Unconditional basic income is not a new topic in political economy, and it gains new momentum as more and more research is being devoted to it. The discussion focusses on the adequacy and effects such a policy measure may entail for a person and his socio-economic situation, usually. Object of investigation is the individual, and the corresponding theory is of micro-economic descent. In this paper, in contrast, we develop a method of how to assess feasibility and consequences of an unconditional basic income for a modern, open economy, on the macroeconomic level, using concepts and statistics of a Social Accounting Matrix (SAM) as our main tool. A SAM-based approach can measure, and perhaps model, the impact on the economic activity of a country, and on its economic institutions of new policy measures such as introducing an unconditional basic income. The economic activity of a country is expressed in monetary flows as registered in the National Accounts. So their underlying principles and definitions are adopted. However, the habitual way of putting an economy into a sequence of institutional accounts connecting each institution’s income to the cost, - similar to business accounting - reveals only one, namely the inner-institutional half of the economic circuit. The other, outer half, namely, how the costs of one institution generate income for another one is better captured by the format of a Social Accounting Matrix. In the paper, the impact of an unconditional basic income is quantified, for macroeconomic aggregates of institutional sectors and socio-economic groups of households, taking the German and the Portuguese economies as examples.

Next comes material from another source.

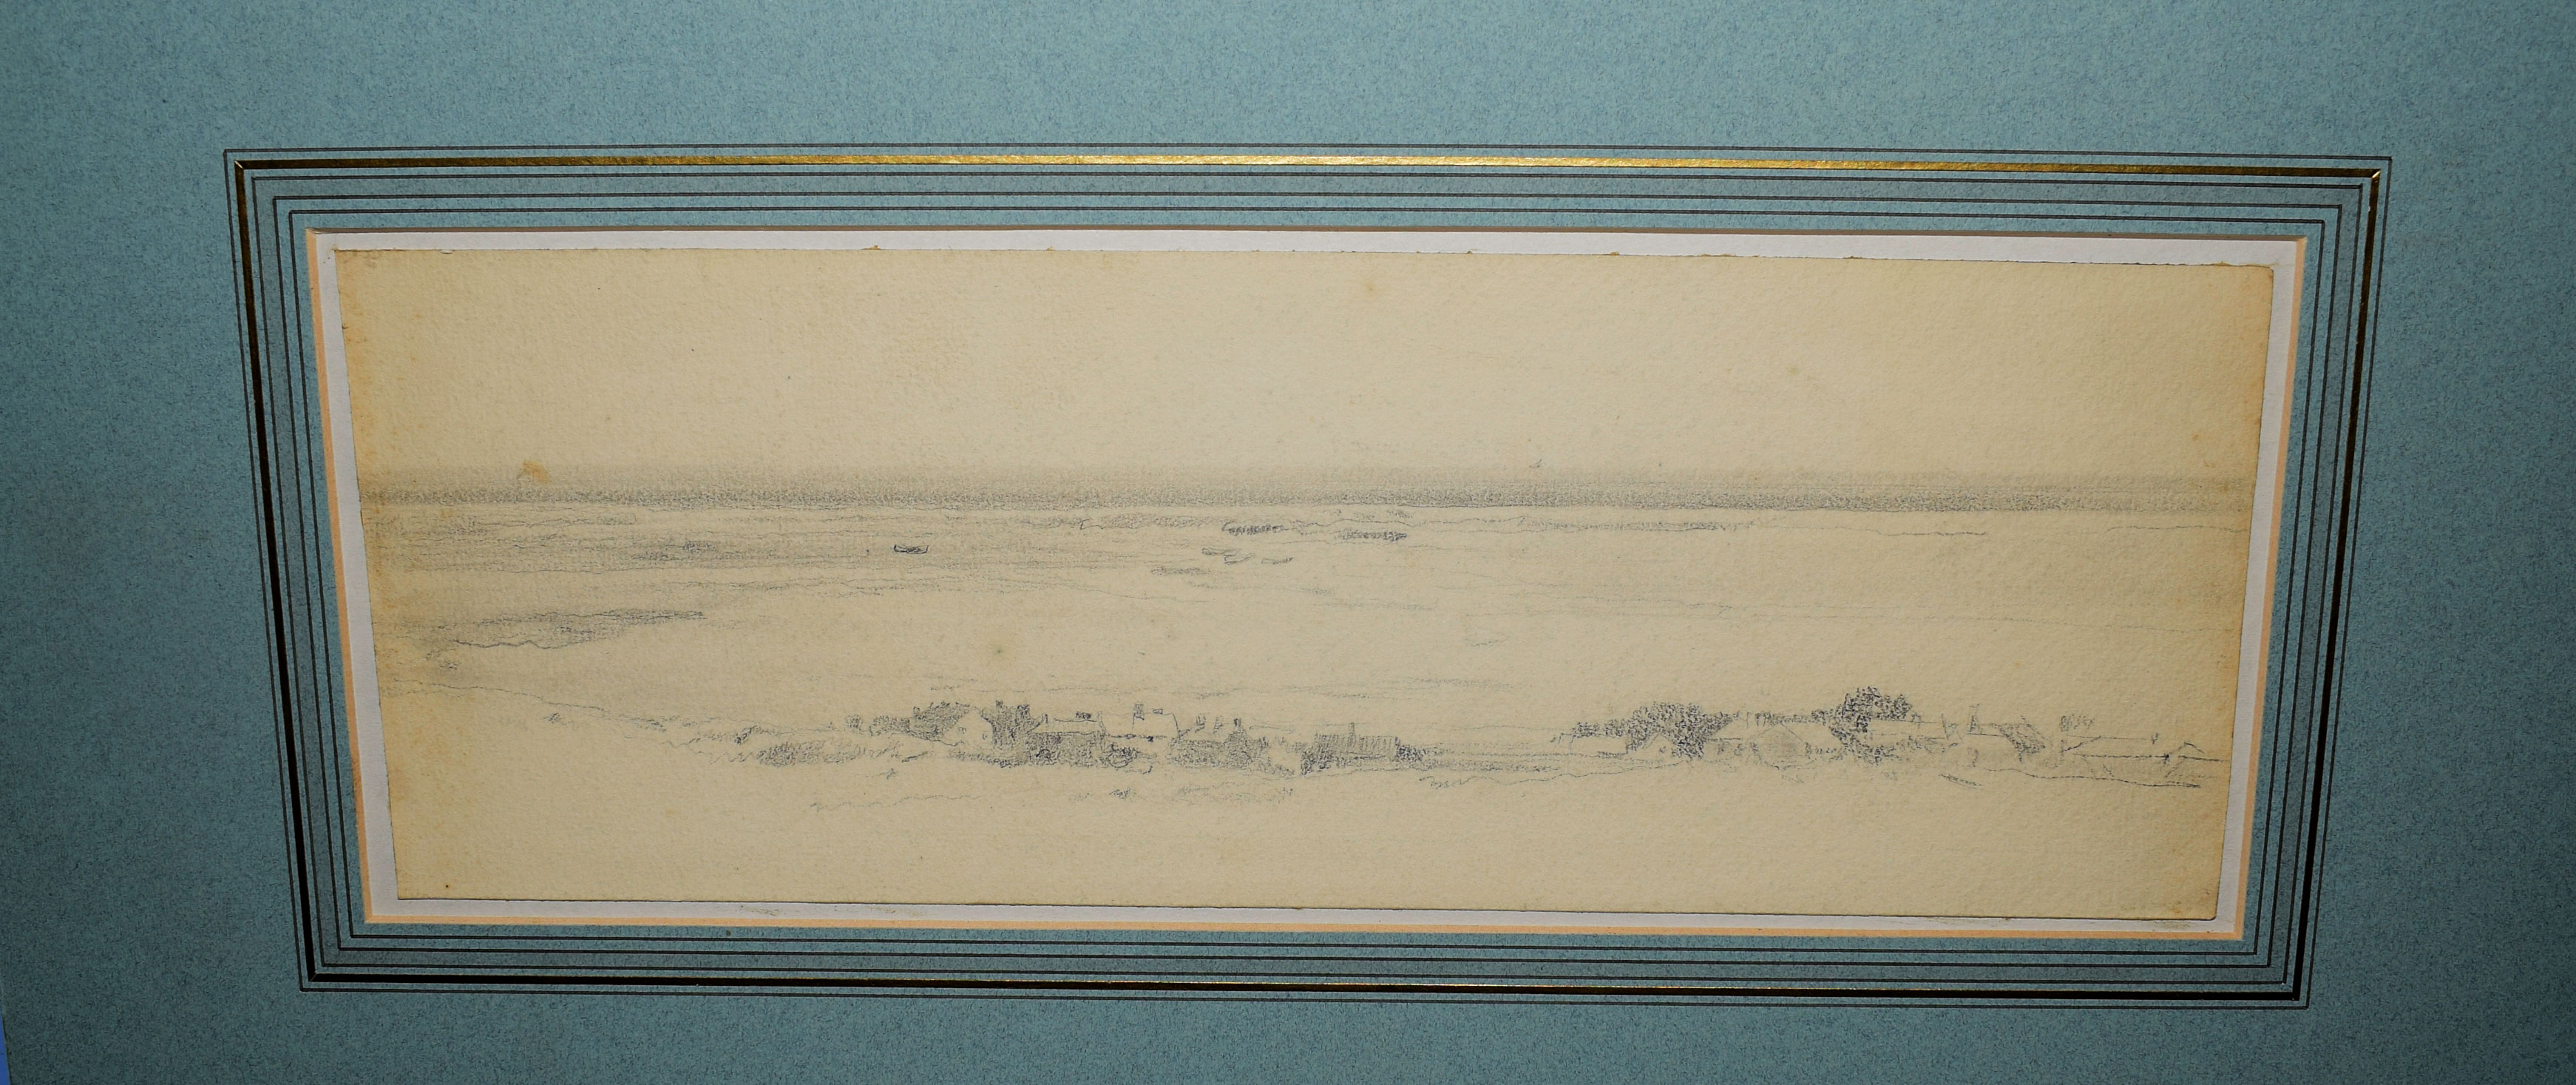 Henry Bright (1810-1873), 'Blakeney', pencil drawing, 13 x 34cm, mounted but unframed

Purpose of the paper is not to argue for, or against, an unconditional basic income, but to offer a scientific tool with which to calculate and assess possibilities and consequences of the proposal, for a national economy as a whole.

Suggested Citation

  • Reich, Utz Peter & Santos, Susana, 2018. "Unconditional Basic Income: Who gets it? Who pays for it? A social Accounting Approach to Distribution," MPRA Paper 88611, University Library of Munich, Germany.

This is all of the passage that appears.